Since the Patent Cooperation Treaty (PCT) came into force in 1978, nearly four million PCT applications have been filed to enable patentees to obtain international protection for their inventions — and more than half of these PCT applications were filed in the last ten years.[2] As patent families expand to cover new jurisdictions, so too do the number of statements made by patent applicants seeking to distinguish art cited by new examiners. Competitors and others across the globe also continue to file opposition proceedings to challenge the patent- ability of issued foreign patents. These and other post- grant proceedings may proliferate as parties increasingly use the Unified Patent Court (UPC) for patent dispute resolution.
This article will briefly explore cases where litigators have sought to construe U.S. patent claims using statements made during foreign proceedings.
The Federal Circuit has explained the standard for deter- mining whether statements made in foreign patent prosecution may be considered during claim construction:
An example occurred in Apple Inc. v. Motorola.[4] Motorola’s patent claimed “updating a transmit overflow sequence number [or TOSN].[5] Before the Japanese patent office, Motorola argued several times that “the overflow sequence number is never transmitted,” and because the TOSN is never transmitted, “there is no chance to intercept the overflow sequence number; thus, [the invention] provides a higher level of security.”[6] Based on this and other evidence, the district court construed Motorola’s claim to require that the TOSN is never transmitted.
On appeal, the Federal Circuit affirmed the construction and the district court’s reliance on evidence from foreign prosecution.[7] The court noted that Motorola’s admissions “could not be clearer” and were “consistent with the claims and the invention described in the specification.”[8] Motorola had made the statements in an official proceeding, and both the U.S. and Japanese applications claimed priority to the same PCT application.[9] Finally, the court highlighted that the specifications were the same, and, “at the time Motorola made its statements to the Japanese patent office, the Japanese application contained a claim identical to [the claim at issue] claim 17.”[10] By contrast, in SIPCO, LLC v. Emerson Electric Co., the Federal Circuit noted that similarly worded claims in unrelated patents can be construed differently, and that a prior decision against one patent with a similar claim had no effect against another when the two did not share the same family:
While we recently resolved a claim construction dispute involving the same parties where we agreed with the Board that ‘low power RF signal,’ in the context of the claims at issue in that case, did not require a limited transmission range, that decision has no impact on our earlier decision or on our decision here. Importantly, that case involved different patents, in entirely different patent families, with different specifications. We find it unsurprising that similarly worded claims may be construed differently when presented in such different contexts and different records.[11]

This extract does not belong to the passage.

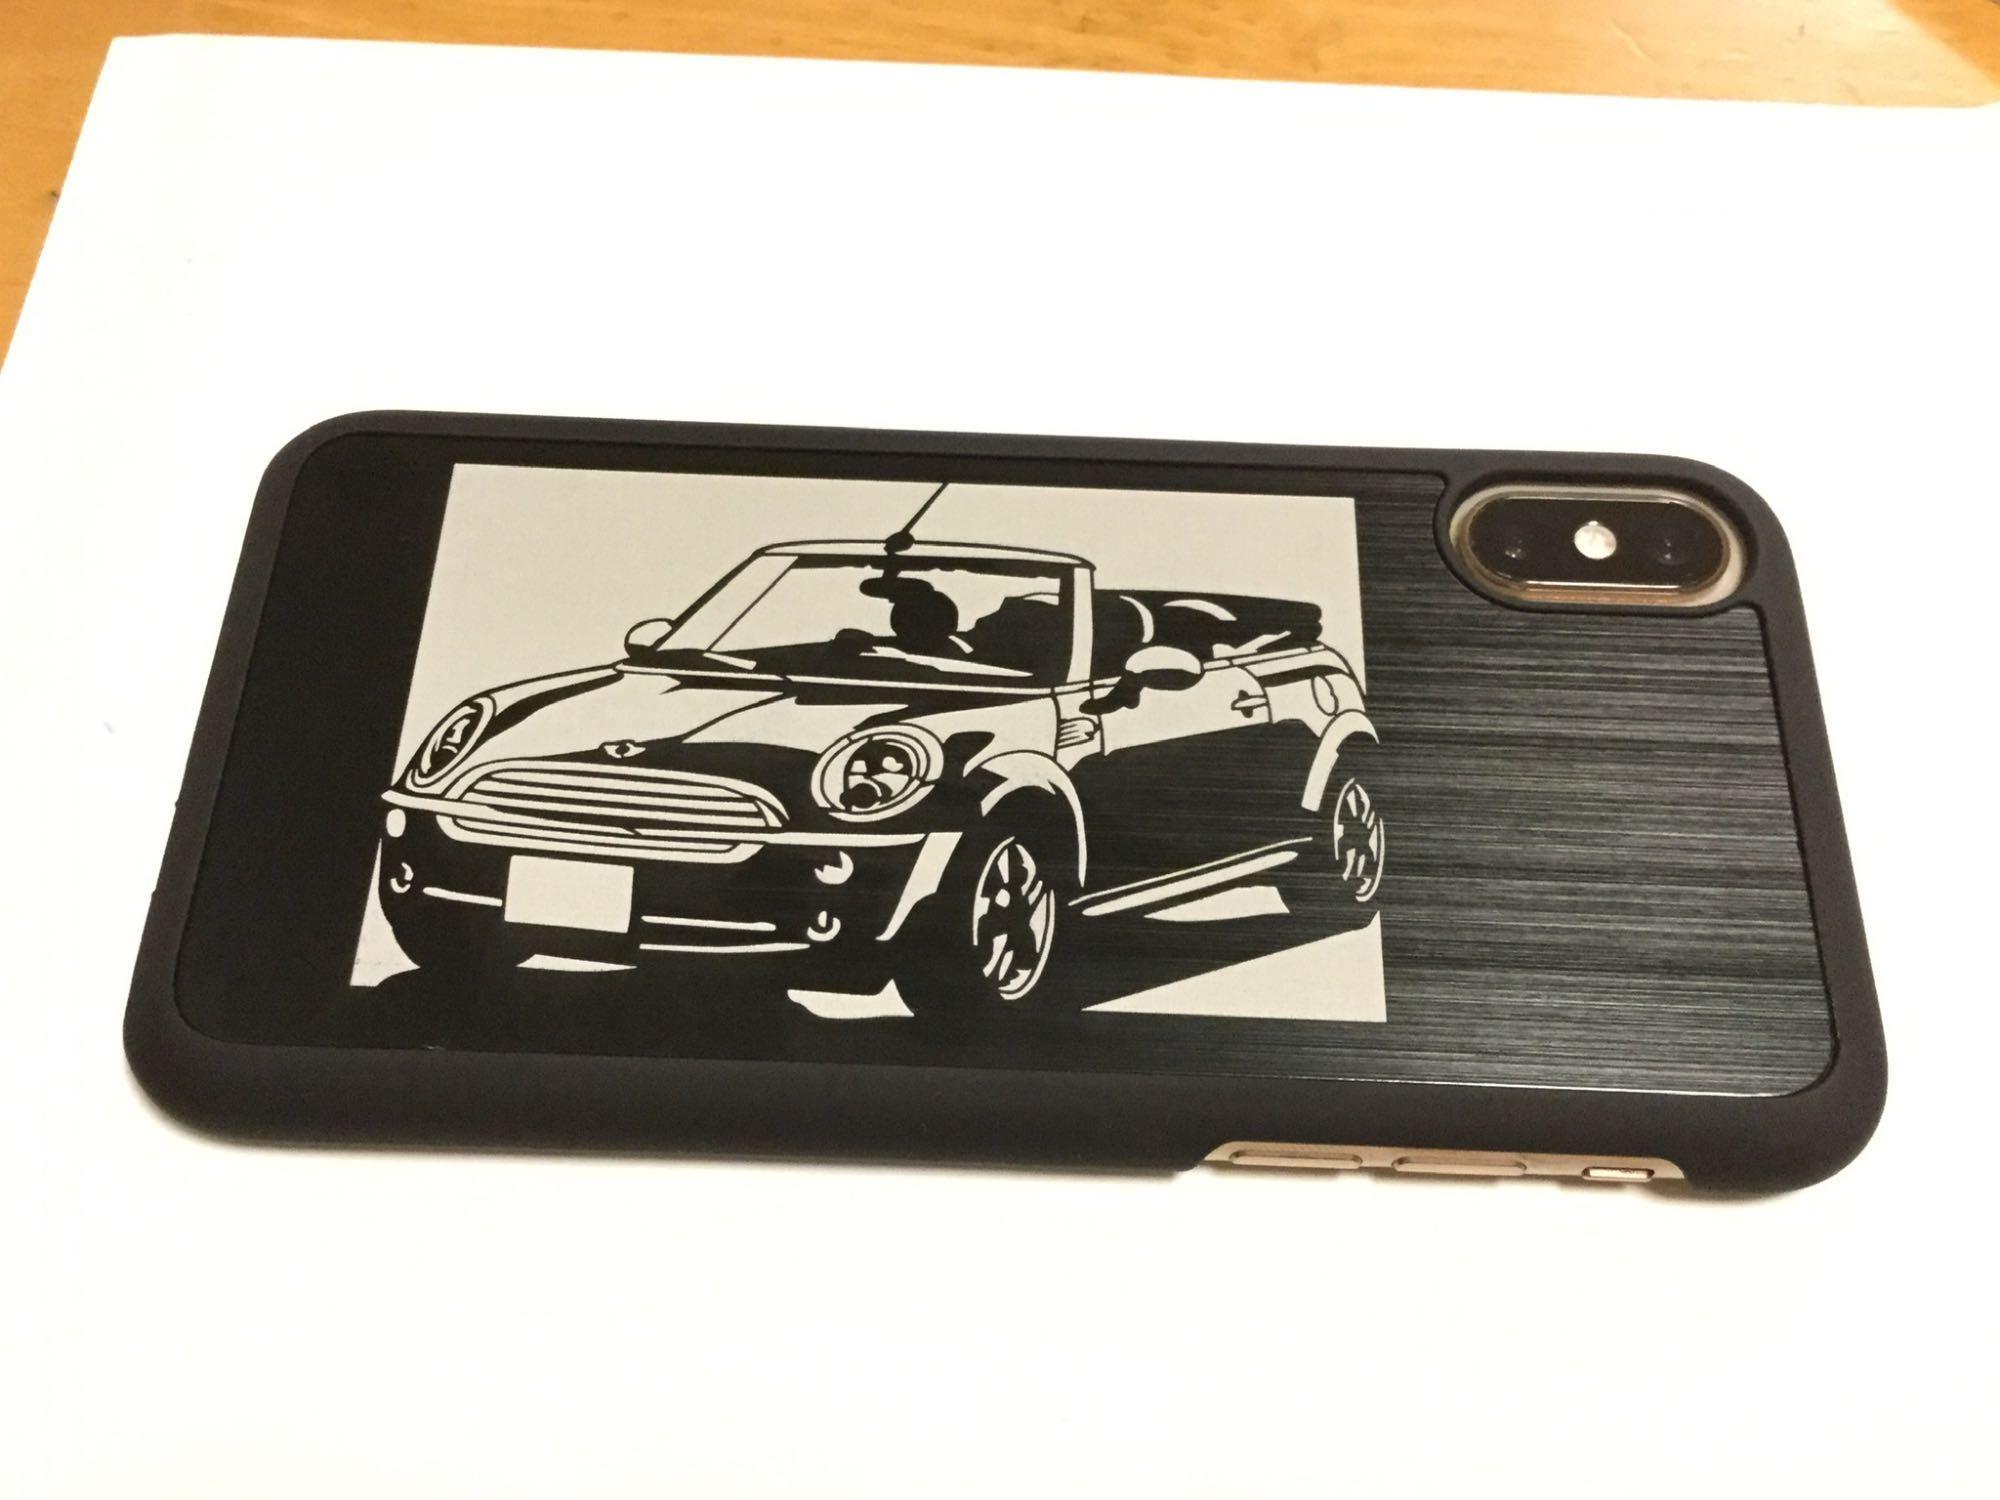 iPhoneXケース「BMW mini 」切り絵デザイン ブラックアルマイト[メーカ

Even in cases where the patents share a familial relationship, courts may decline to consider foreign prosecution statements based on differences in the applicable law. In Pfizer, Inv. v. Ranbaxy Lab’ys Ltd., the Federal Circuit refused to hold a patentee’s statements in a Denmark prosecution against it, finding such statements “irrelevant to claim construction because they were made in response to patentability requirements unique to Danish and European law.”[12] The Federal Circuit has not laid out a specific guide to showing “uniqueness,” but it noted that “the theories and laws of patentability vary from country to country, as do examination practices.”[13]

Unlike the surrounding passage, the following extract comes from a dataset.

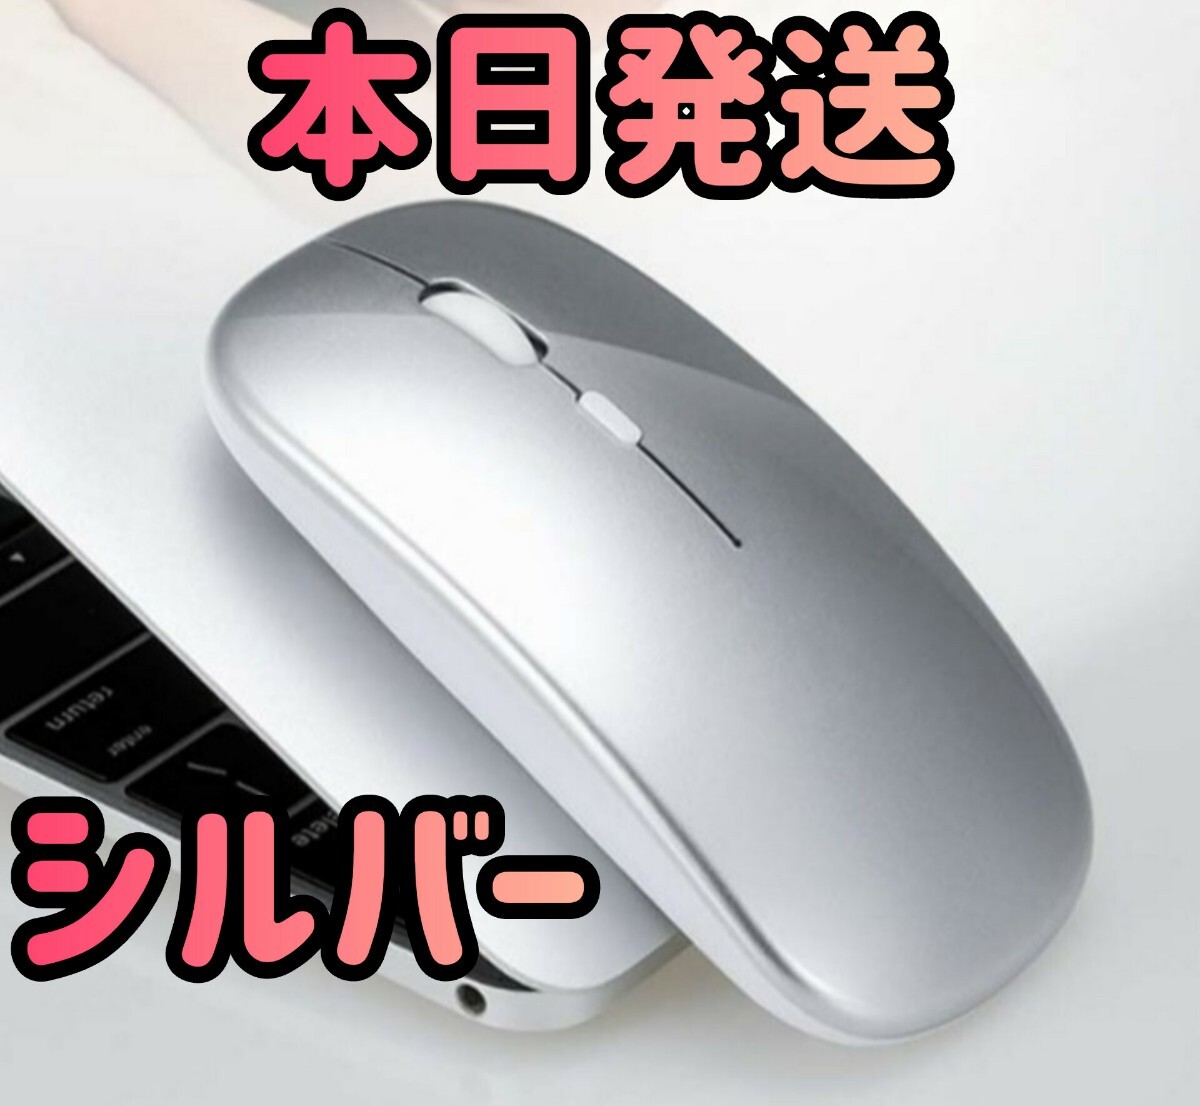  беспроводная мышь серебряный Bluetooth мышь мышь Bluetooth5.1 супер тонкий тихий звук 2.4G мышь персональный компьютер беспроводной мышь коврик для мыши ge-ming

Gillette Co. v. Energizer Holdings, Inc. shows the potential impact of admissions made in foreign post-grant proceedings on U.S. claim construction. There, Gillette sought a preliminary injunction against Energizer on a U.S. patent relating to a multi-blade razor.[14] The dispute turned on whether Gillette’s claim covered a four-bladed razor that Energizer produced. [15] Energizer had previously filed an opposition proceeding in the European Patent Office (EPO) against a counterpart to the asserted U.S. Patent. [16] In that proceeding, Energizer argued for a broader interpretation of Gillette’s claims and their “comprising” language. [17]
The Federal Circuit noted the statements that Energizer made during the foreign opposition proceeding and used them when construing the claims:
The defendant itself endorsed an open interpretation of ‘comprising’ when it argued to the European Patent Office (EPO) that a virtually identical claim in Gillette’s European counterpart to the ‘777 patent would not exclude an arrangement with four or more blades. This blatant admission by this same defendant before the EPO clearly supports this court’s holding that those skilled in the art would construe the claims of the ‘777 patent to encompass razors with more than three blades. [18]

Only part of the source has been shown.